Выбрать главу

Я замолчал, зная, что противоречие не произведет ничего доброго, а напротив, еще больше раздражит пылкого молодого человека. Но с первою почтою счел я обязанностию известить обо всем старого графа.

День ото дня знакомство Алцеста с профессором Андрони делалось теснее. Я также посещал его довольно часто. Старик принимал нас ласково, но никогда не случалось нам наслаждаться сообществом его дочери. Он всегда находил какой-нибудь предлог, которым старался извинить ее отсутствие; то она, по словам его, не совсем была здорова; то занималась необходимыми по хозяйству делами, — одним словом, он, очевидно, хотел, чтоб мы не были вместе с нею. Казалось, что он опасался, чтоб мы не открыли какой-нибудь важной для него тайны. Признаюсь, мне неоднократно приходило на мысль, что Андрони не отец Аделины, а ревнивый опекун, влюбленный в свою воспитанницу.

Между тем Алцест ежедневно проводил целые часы у окна и любовался Аделиною, которая, по-видимому, также находила удовольствие на него смотреть. Вскоре они завели взаимные между собою сношения знаками. Алцест уверен был, что она к нему неравнодушна, и любовь его еще более от того воспламенилась.

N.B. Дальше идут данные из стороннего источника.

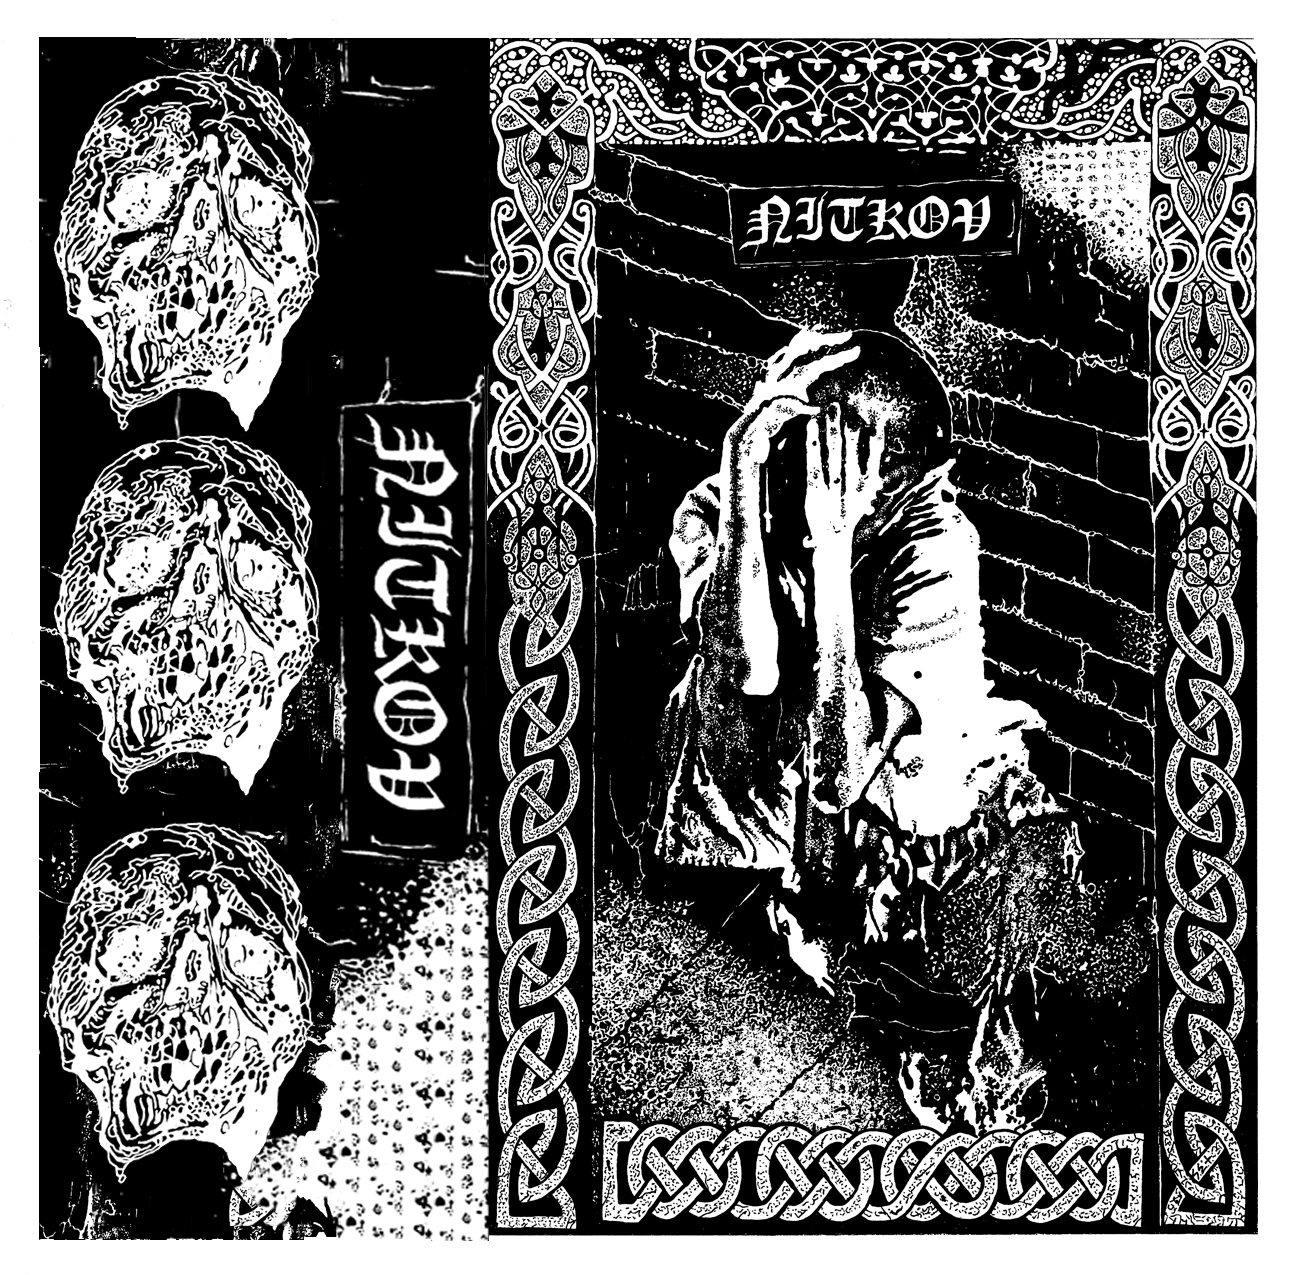 NITKOV demo cassette cover

Тщетно просил я его не предаваться так слепо страсти своей: советы мои не имели никакого действия!

И я, с своей стороны, — хотя, впрочем, совершенно с другою целию — часто наблюдал за Аделиною, когда она сидела у окна. Я не мог не удивляться необыкновенной красоте ее; но, при всем том, я видел в ней нечто странное, нечто такое, чего никак не мог объяснить себе. На ее лице ни одного раза не заметил я ни выражения восторга, ни движения любопытства, — одним словом, никакой страсти. Такая холодная нечувствительность, так сказать, отталкивала мое сердце и в иные минуты производила во мне невольный страх, которого я внутренно стыдился. Что касается до Алцеста, он не видал в ней никаких недостатков. Он любил ее так горячо, что каждый взгляд ее, каждое движение приводило его в восторг.

Таким образом провели мы несколько недель, и страсть Алцеста перестала быть тайною. Все в городе говорили о близкой женитьбе молодого, богатого русского графа на дочери профессора Андрони, а я с нетерпением ожидал ответа на письмо, отправленное мною в Россию.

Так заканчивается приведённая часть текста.